Traders are monitoring South African gold supply, particularly as the spot price of the precious metal is within striking distance of record highs scaled on Monday.

Spot gold hit a record high of $1,622.49 an ounce on Monday as U.S. President Barack Obama warned that failure to reach an agreement to avert debt default could cause a deep economic crisis.

"Declining mine supply, higher production costs, and less central bank selling are almost turning gold into a bit of a supply and demand commodity, even though 95 percent of its behaviour is still currency or investor-flow related," said Robin Bhar, an analyst at Credit Agricole.

"But if you're holding gold you're not going to want to sell it against a background of strikes in South Africa, which is the fourth-biggest producer."

South Africa was once the world's largest gold producer, but in 2010 ranked behind China, Australia and the United States, Reuters' data showed.


Should the strike be prolonged, it could hit the already strained power supply along with coal exports.

Power utility Eskom said the strike posed no immediate supply danger to its coal-fired plants as it has extra stocks.

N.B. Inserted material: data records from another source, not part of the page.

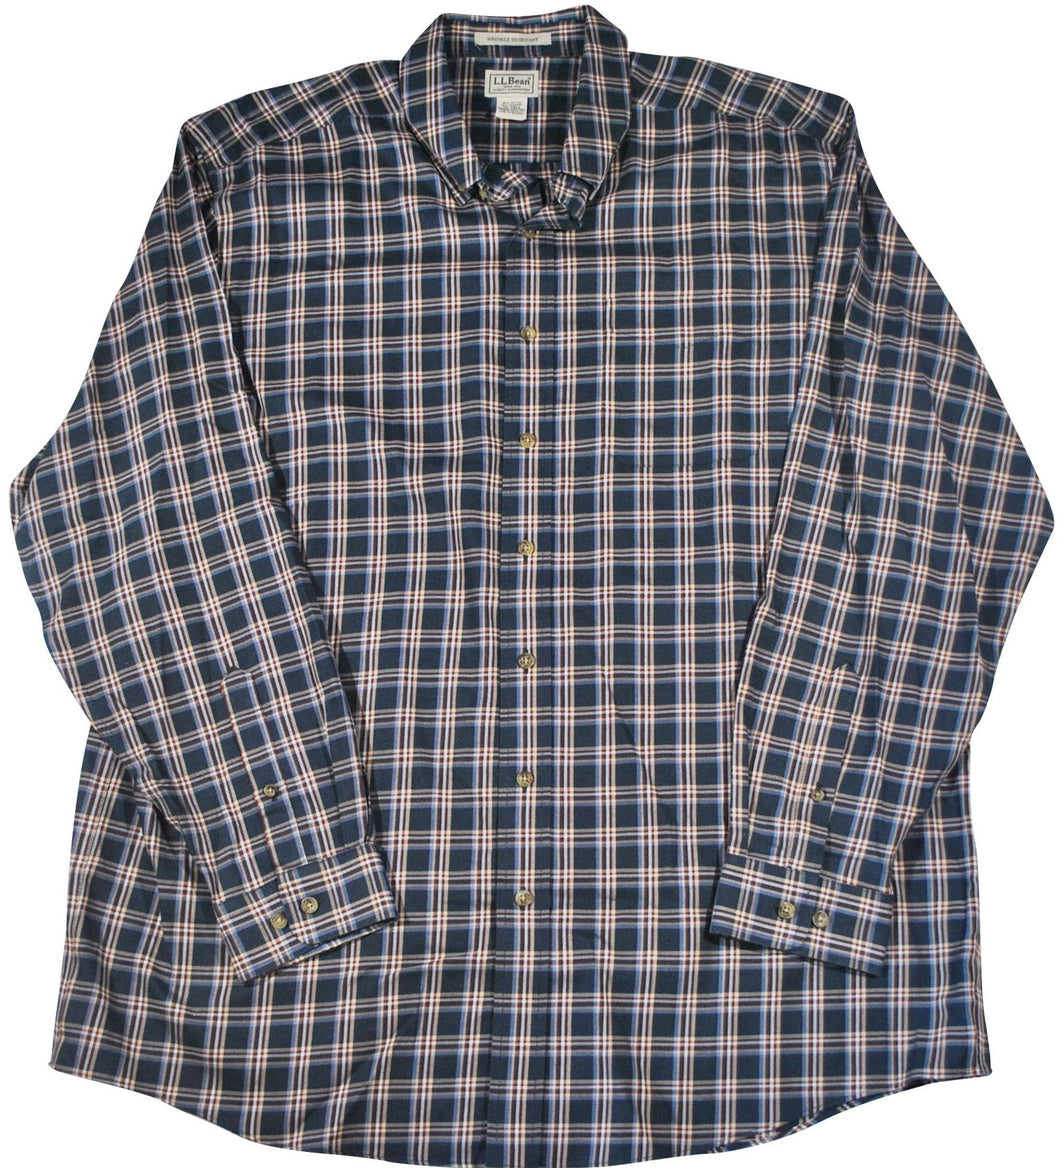 Vintage L.L. Bean Long Sleeve Button Shirt Size X-Large(Tall)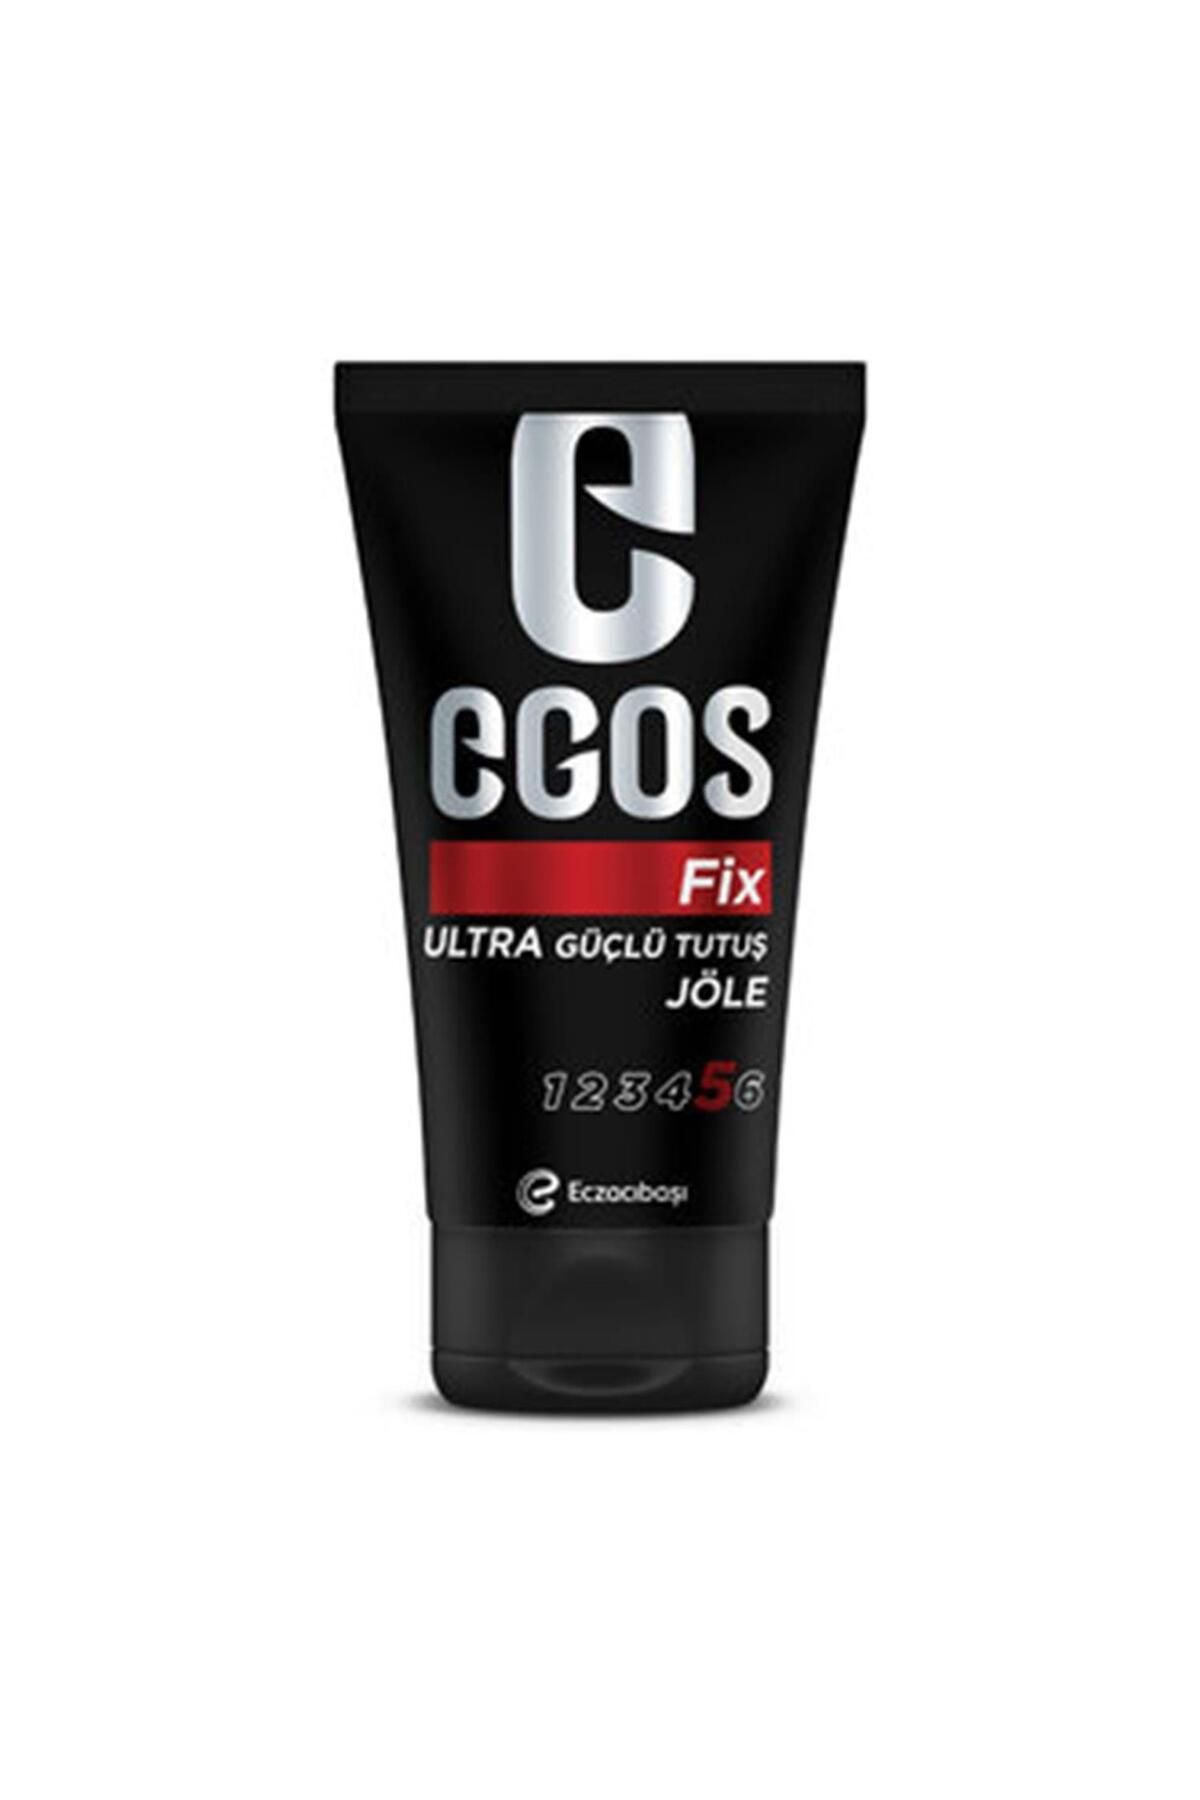 Egos Jöle 150 ml No: 5 Ultra Güçlü Tutuş // Fix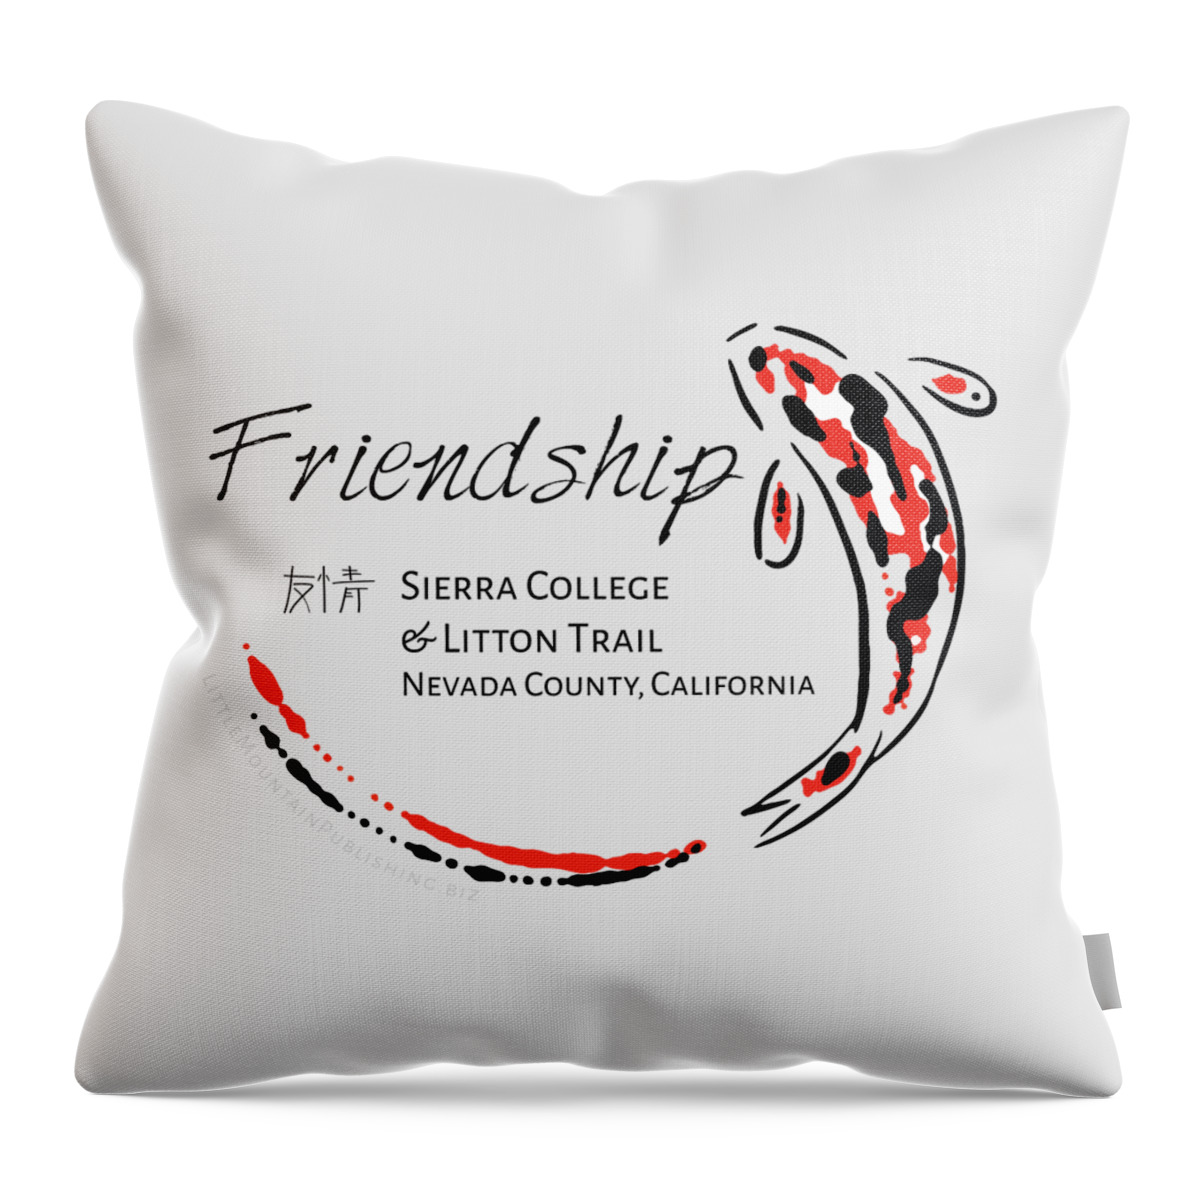 Koi Throw Pillow featuring the digital art Friendship Koi by Lisa Redfern

Optimum Coal, South Africa's sixth-largest coal miner, which sold 10.6 million tonnes of coal in the 2010 financial year, is operating at 10 to 20 percent of its normal capacity due to the strike, it said on Tuesday.

Unions and employers in the sector resumed talks on Tuesday in a bid to end the coal dispute. The NUM has been seeking inflation-busting 14 percent wage increases, above the employers' offer of 7 to 8.5 percent.

Employers over the past two years have struck wage deals averaging about 8 percent. Many companies view above-inflation settlements as a necessary cost of doing business in South Africa. They have also slashed jobs over the period to make up for the higher personnel costs.

Unions will also hold talks with employers in the fuel sector, hoping to end a strike which is into its third week and has left hundreds of pumps dry across the country.

Economists have said wage settlements well above inflation could hurt competitiveness and the long-term outlook by driving up the labour costs.

But unions argue the official inflation rate does not reflect the full impact of rising food and fuel prices on the incomes of its rank and file.